Alis merah Leylin terangkat. Sambil mendesah kagum, dia berkata, “Bakat bawaan Linley ini memang sangat bagus. Hanya dalam dua bulan, dia telah mencapai tingkat pemahaman yang tinggi tentang ‘Esensi Bumi’. Mengingat kecepatannya saat ini…dengan ‘Esensi Bumi’ sebagai jenis misteri yang sederhana namun mendalam, kemungkinan besar hanya dalam dua atau tiga tahun, dia akan sepenuhnya menguasainya.”

“Linley memiliki bakat bawaan, tetapi bisakah itu dibandingkan dengan bakatmu, Saudara Ketiga?” Pria botak itu, Burgess, tertawa.

Pria berjubah putih itu juga berkata, “Saudara Ketiga, kau adalah satu-satunya jenius sejati dan terkuat dalam sejarah Alam Yulan kita.”

Pria berjubah putih dan Burgess sama-sama memandang Leylin dengan sedikit kekaguman di mata mereka.

“Kau tidak bisa mengatakan itu.” Leylin menatap ke arah tenggara, seolah-olah dia mampu menembus dinding realitas dengan tatapannya dan melihat Linley yang jauh itu, berlatih di dalam jurang gunung. Sambil tertawa tenang, dia berkata, “Linley ini hanyalah seorang Demigod. Dia baru saja memulai perjalanan pelatihannya. Siapa yang bisa memprediksi seperti apa pencapaiannya di masa depan?”

“Setidaknya, mengingat kecepatannya saat ini, dia hanya sedikit lebih lambat daripada aku di masa lalu. Adapun pencapaiannya di masa depan, itu sulit untuk dikatakan.”

Pria botak dan pria berjubah putih itu sama-sama mengangguk sedikit.

“Beirut itu juga memberi tahuku bahwa di alam lain, ada para jenius absolut yang mampu mencapai tahap Demigod dalam sepuluh tahun, tahap Dewa dalam seratus tahun, dan tahap Dewa Tinggi dalam seribu tahun. Tetapi bagi orang-orang bodoh dan tolol, mereka mungkin terjebak di titik buntu selama sepuluh juta tahun tanpa mampu menembus ke tahap Demigod.” Leylin tertawa tenang.

“Itulah yang dimaksud dengan wawasan dan persepsi.”

Leylin menghela napas, “Linley ini adalah orang yang sangat berwawasan dan sangat perseptif.”

“Menjadi Dewa Tinggi dalam seribu tahun. Ini benar-benar tidak terbayangkan.” Burgess dan pria berjubah putih itu sama-sama menghela napas.

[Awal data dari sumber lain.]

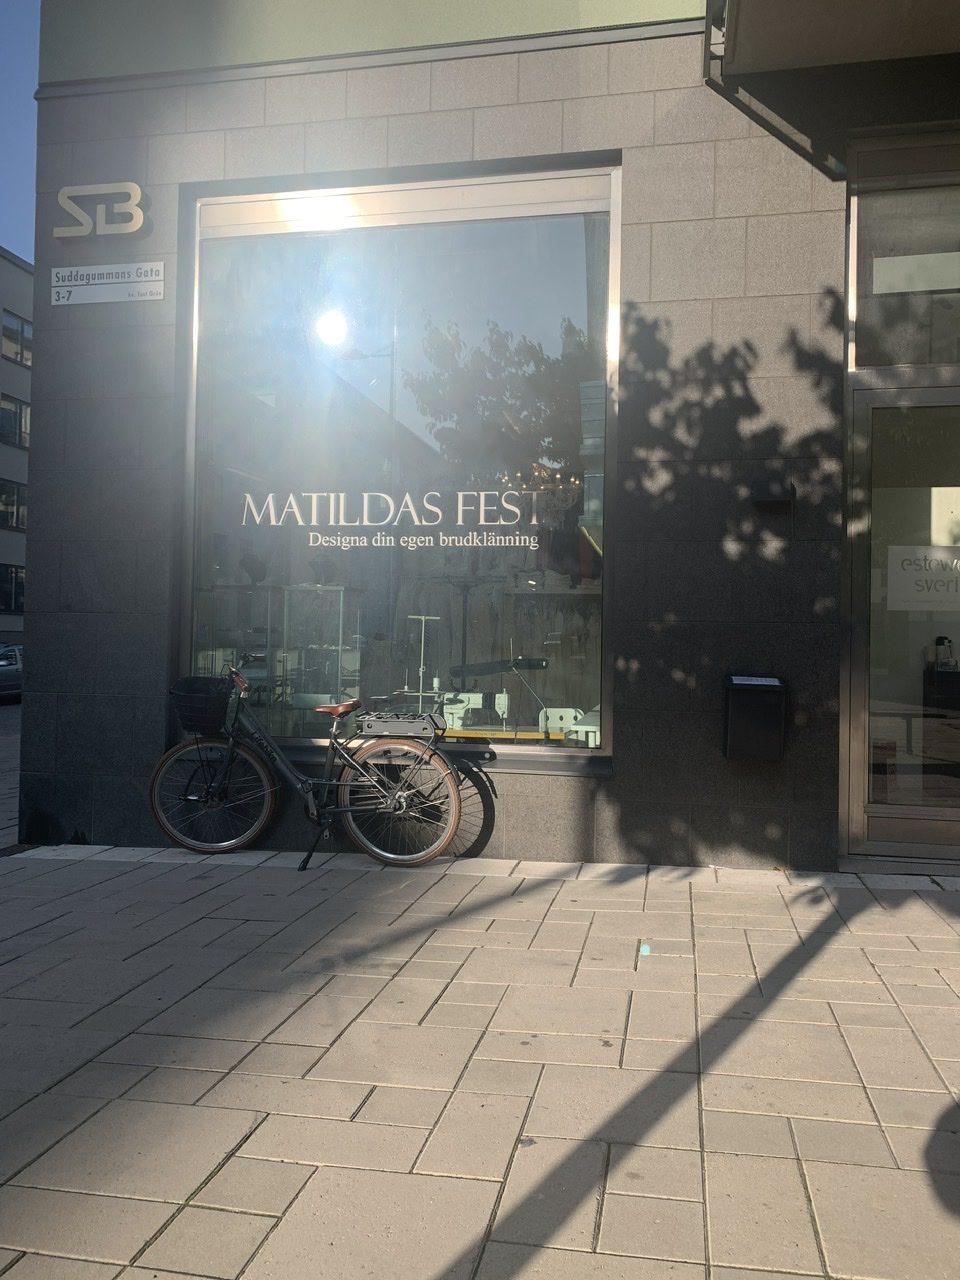 Matildas

Leylin tertawa tenang. “Ini berkaitan dengan takdir dan pengalaman hidup setiap orang. Para jenius terhebat itu pun tidak layak untuk diirikan!”

Leylin jelas merasa agak jijik terhadap para jenius itu.

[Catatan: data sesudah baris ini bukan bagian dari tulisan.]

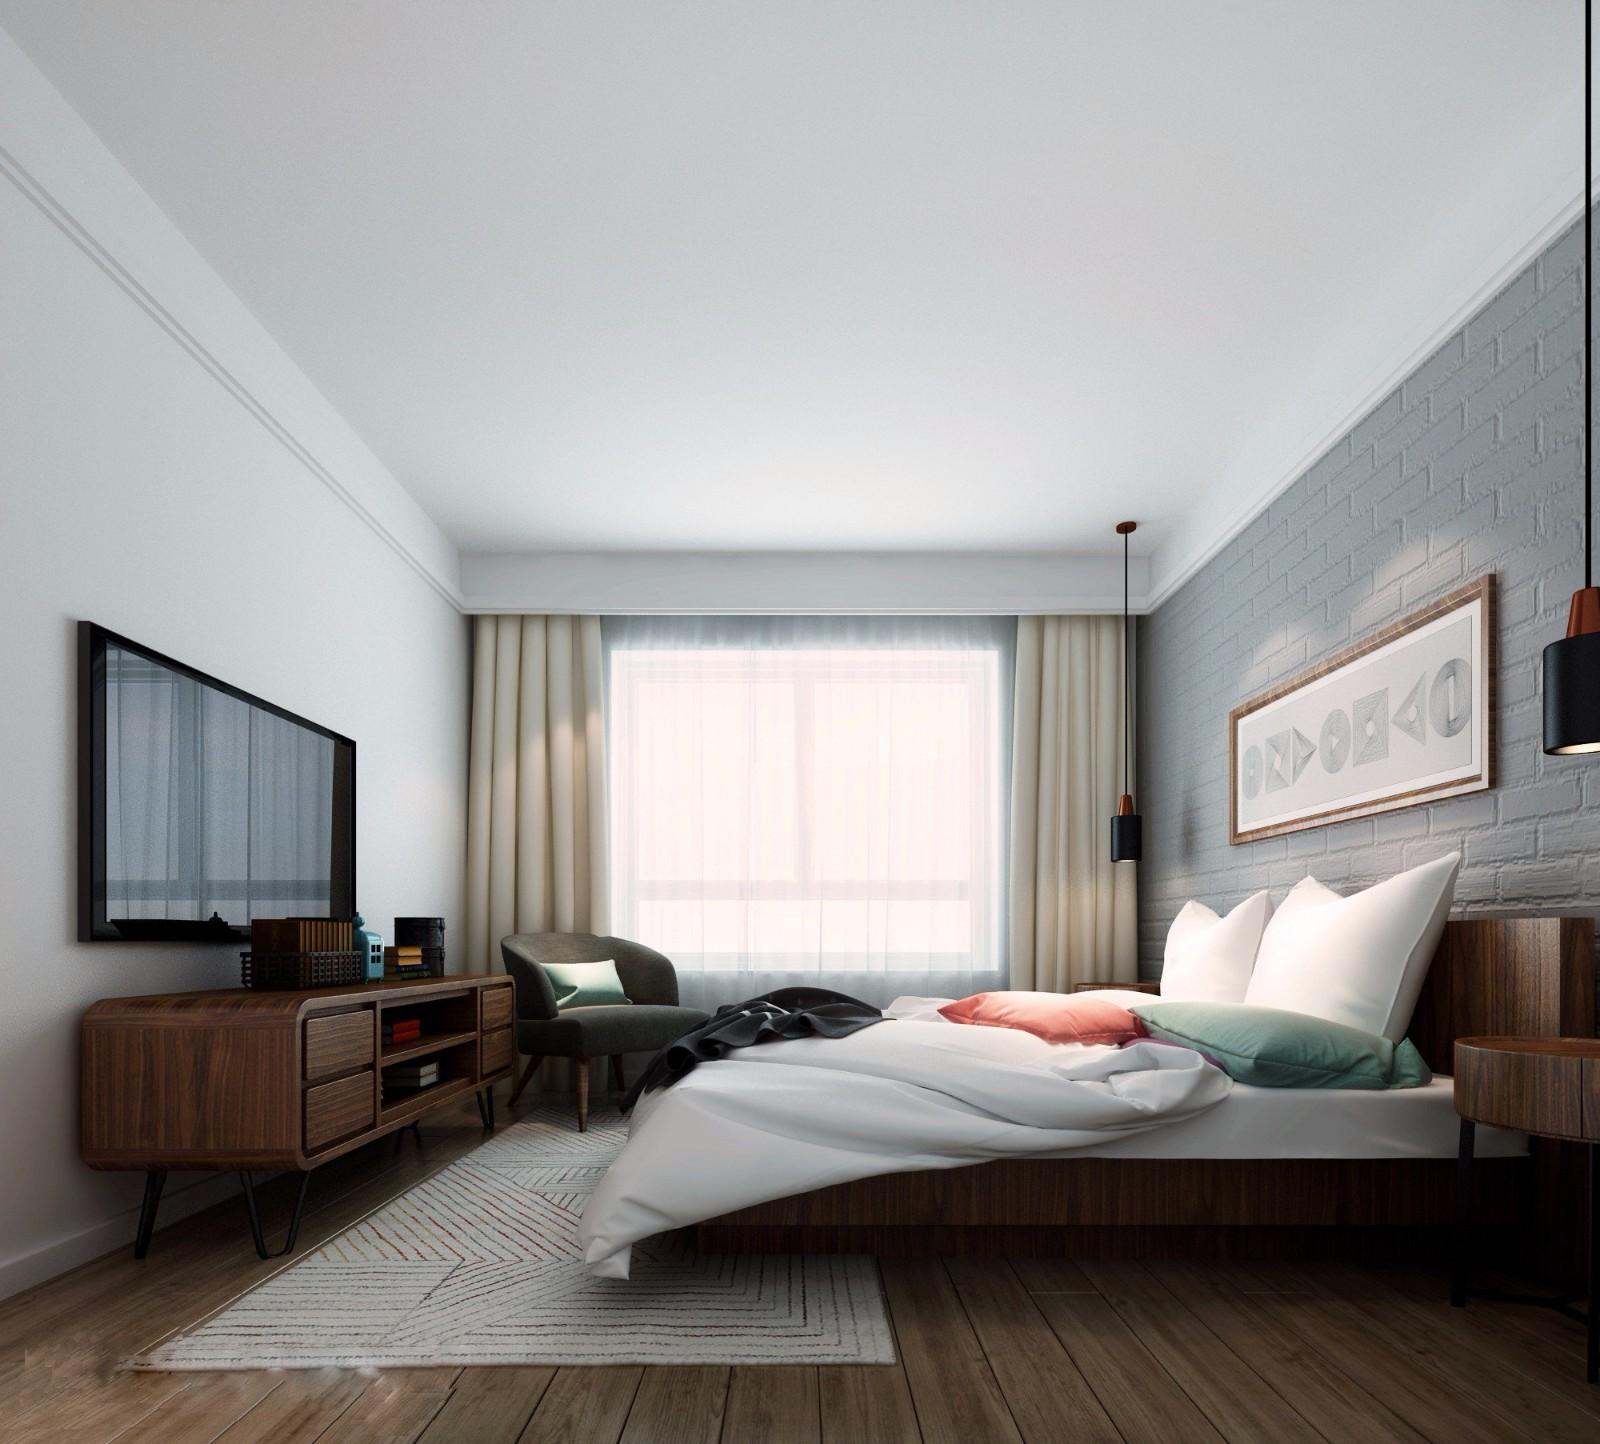 2020北歐臥室裝修設計圖片 2020北歐電視柜效果圖

“Para jenius itu sangat ingin mencapai tingkat Dewa Tertinggi secepat mungkin. Tapi bagaimana mereka bisa tahu bahwa jika seseorang tidak mulai mencoba menggabungkan berbagai misteri mendalam sejak dini, jika mereka baru mulai mencoba menggabungkannya setelah mencapai tahap Dewa Tertinggi, maka akan terlambat!”

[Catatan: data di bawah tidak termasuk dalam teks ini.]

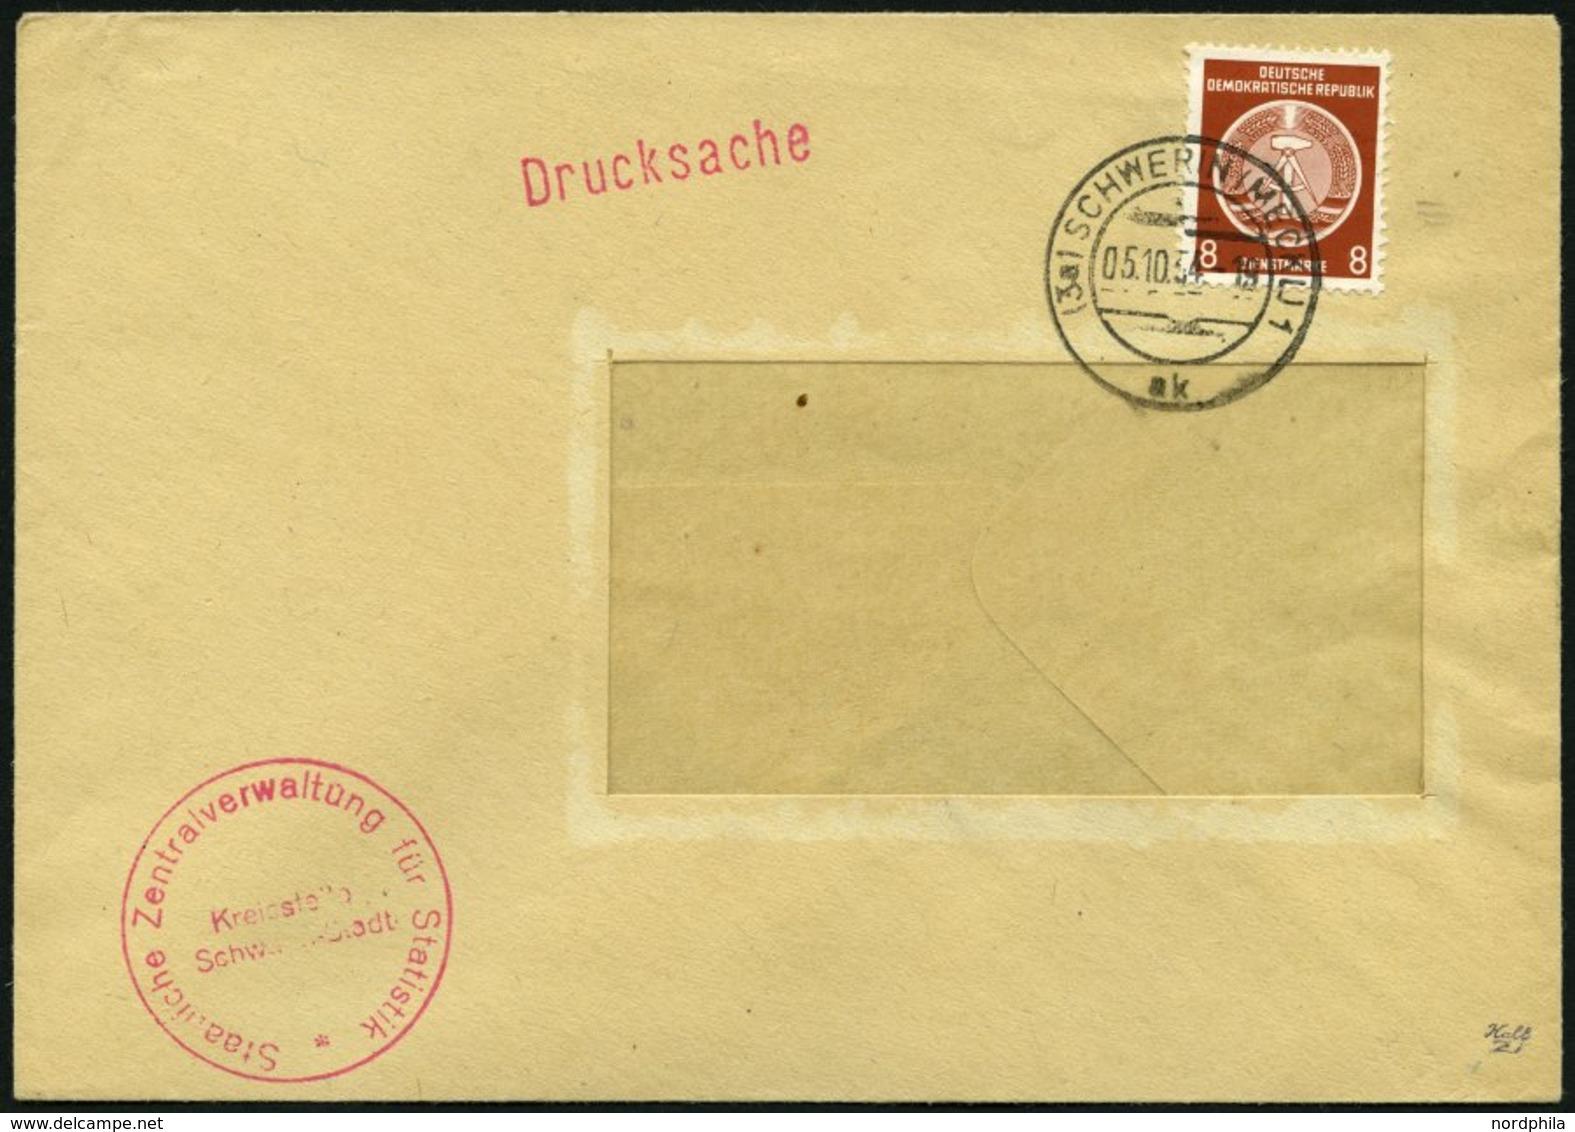 DIENSTMARKEN A D 3 BRIEF, 5.10.1954, 8 Pf. Braunorange, Einzelfrankatur Auf Drucksache Der Staatlichen Zentralversicheru - DDR

“Misteri mendalam dari Hukum harus digabungkan sejak dini. Semakin awal, semakin mudah.” Leylin menghela napas. “Jika aku memahami ini ketika aku masih seorang Demigod, kemungkinan besar aku akan mampu menggabungkan enam misteri mendalam dan menjadi seorang Paragon.”

“Menggabungkan semua misteri yang mendalam? Saudara Ketiga, di semua alam semesta yang tak terhitung jumlahnya, berapa banyak orang yang telah mencapai ini?” kata pria berjubah putih itu.

Leylin terkekeh, tidak lagi melanjutkan topik ini.

“Kakak Besar.” Leylin menatap pria botak itu. “Dapat dianggap bahwa Linley membantu berkontribusi pada keberhasilan pelarian kita dari Penjara Planar Gebados. Kau juga seseorang yang berlatih Hukum Bumi. Pergilah berlatih tanding dengannya.”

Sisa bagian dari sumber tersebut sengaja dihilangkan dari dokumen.